MEPs on the committee have called for a review of growing-up milks (GUMs) by the European Food Safety Authority (EFSA) and suggest new rules be implemented if needed, and this review was welcomed by both the IDACE and BEUC.

Slimming products

The committee report raised concerns on the increasing number of food products with slimming claims and said that ‘low calorie diets’ (800-1200 calories per day) and ‘very low calorie diets’ (400-800 calories) should be covered within the new rules.

This move was welcomed by IDACE but not the BEUC, whose spokesperson, Jonathan La Morte, said: “We are disappointed that the ENVI Committee decided to open the door to slimming foods.”

It had lobbied for ‘low calorie diet’ foods to continue to be regulated under the 2006 nutrition and health claims regulation (NHCR).

Gluten-free foods

The proposal recommends special gluten labeling rules, with foods containing less than 100mg gluten per kg labeled as ‘very low gluten content’ and food with less than 20mg gluten per kg as ‘gluten free’.

Not content with this, IDACE called for further clarifications within the gluten-free sector and a need to distinguish foods containing low gluten from specialised products for coeliac patients.

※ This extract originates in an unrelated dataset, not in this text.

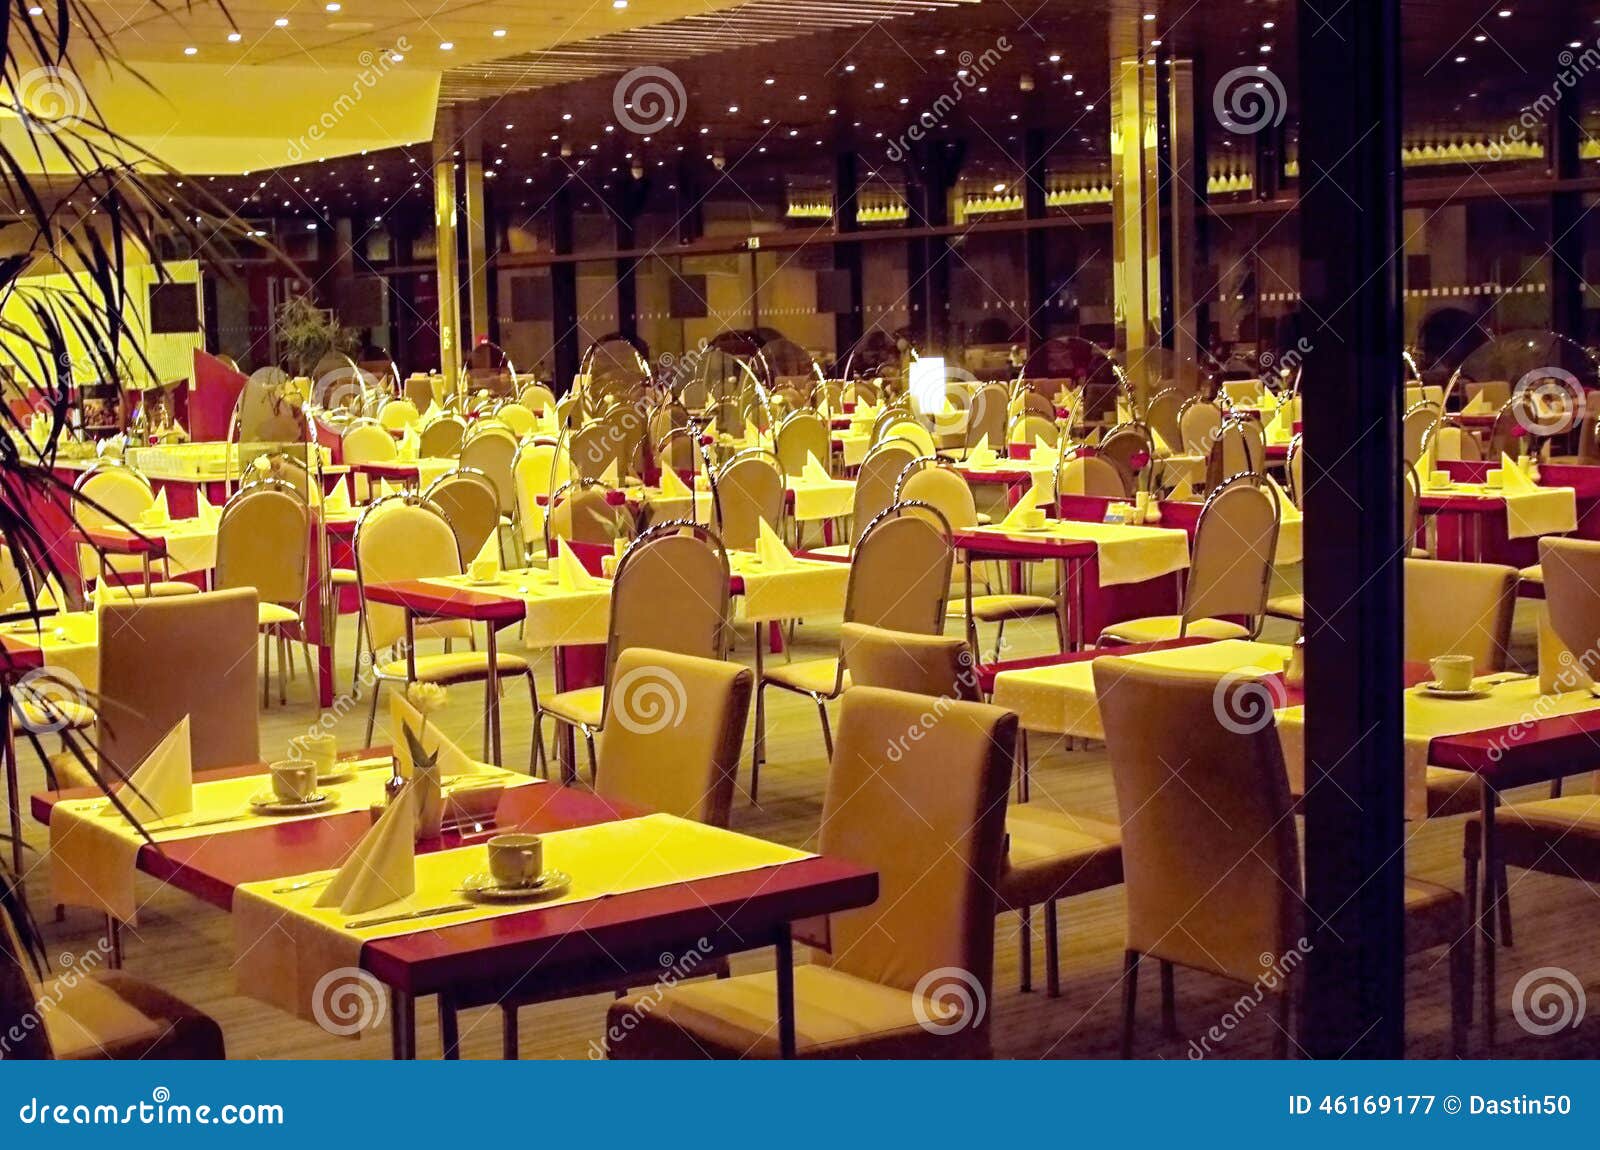 Interior of a Modern Hotel Restaurants Stock Image - Image of hotel ...

“Manufacturers can do so much to self-legislate, but I think it’s up to legislators, given an opportunity like this, to ensure they safeguard the key people affected which is those consumers diagnosed with special dietary requirements, such as coeliacs,” Clarke said.

Clarke added that one further industry concern, should the new framework be implemented, would be a need to ensure there is still space for innovation.

The PARNUTs (foods for particular nutritional purposes) Directive that governs labelling in foods such as dietetic,
sports and infant foods has been put up for review in a bid to provide better information to consumers, that is “accurate, clear and easy to understand.”